Set model in `config/user_settings.json`:

```json
{
  "qwen3_mlx": {
    "model_name": "mlx-community/Qwen3-TTS-12Hz-0.6B-CustomVoice-8bit",
    "speed": 1.2
  }
}
```

## Configuration

All settings use the `B2A_` env prefix:

| Variable | Default | Description |
|----------|---------|-------------|
| `B2A_HOST` | `0.0.0.0` | Server bind address |
| `B2A_PORT` | `8000` | Server port |
| `B2A_UPLOAD_DIR` | `uploads` | Uploaded ebook storage |
| `B2A_OUTPUT_DIR` | `output` | Generated audio output |
| `B2A_MAX_UPLOAD_SIZE_MB` | `500` | Max upload file size |
| `B2A_FFMPEG_PATH` | `ffmpeg` | Path to ffmpeg binary |
| `B2A_FFPROBE_PATH` | `ffprobe` | Path to ffprobe binary |

Set via environment variables or `.env` file:

```bash
export B2A_PORT=8000
./start.sh
```

## Supported Languages

Chinese, English (US/UK), Japanese, Korean, French, German, Spanish, Russian.

## Project Structure

```
app/               # FastAPI web app
  main.py          # Entry point
  routes/          # HTTP routes
  templates/       # Jinja2 HTML templates
  static/          # CSS + JS
cli/               # Command Line Interface
  main.py          # CLI entry point with click commands
core/              # Core logic
  converter.py     # Conversion orchestrator + state persistence
  models.py        # Pydantic data models
  book_parser/     # EPUB, MOBI, PDF, TXT parsers
  tts_provider/    # TTS providers (Edge, Baidu, iFlytek, ElevenLabs, Qwen3 MLX)
  audio_builder/   # FFmpeg audio assembly (M4B/MP3)
  text_processor/  # Text cleaning + chunking
config/            # Settings (pydantic-settings)
uploads/           # Uploaded ebooks + meta.json state files
output/            # Generated audiobook files
```

## Dependencies & Licensing

All dependencies use permissive licenses compatible with MIT:

| License | Packages |
|---------|----------|
| MIT | fastapi, pydantic, pydantic-settings, beautifulsoup4, pdfplumber, pydub, sentencex, mlx-audio |
| BSD-3-Clause | uvicorn, jinja2, lxml, httpx, websockets, soundfile |
| Apache-2.0 | python-multipart, aiofiles, hf-transfer |
| LGPL-3.0 | edge-tts |

EPUB parsing uses a built-in parser (zipfile + lxml) — no ebooklib dependency.

## License

MIT — see [LICENSE](LICENSE).

## Disclaimer

**Edge TTS**: This project includes [edge-tts](https://github.com/rany2/edge-tts) as one TTS provider, which connects to Microsoft Edge's online text-to-speech service. This is not an official Microsoft API and may violate Microsoft's Terms of Service. 

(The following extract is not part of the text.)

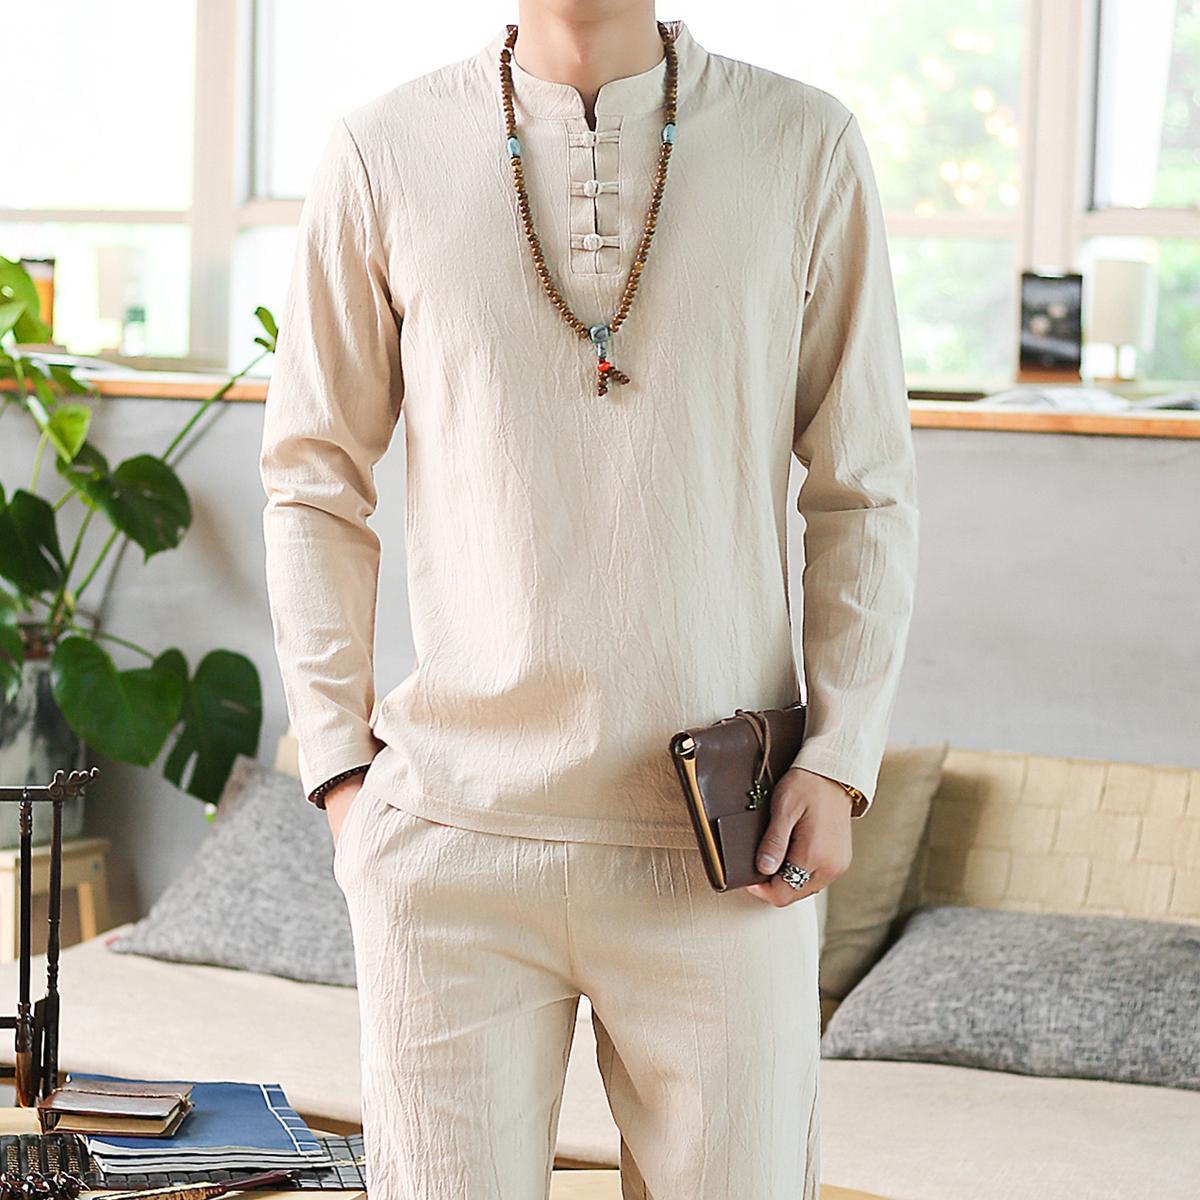 LOLDEAL Summer Men's Long Sleeve Pants Set Linen Chinese Large Size Men's Solid Color Long Sleeve T-Shirt Set

**Alternative Providers**: Users can choose alternative TTS providers (ElevenLabs, Baidu TTS, iFlytek TTS, or local Qwen3 MLX models) to avoid using Edge TTS. See the [TTS Providers](#tts-providers) section for configuration details.

**Use at your own risk**: The authors are not responsible for any violations of third-party terms of service.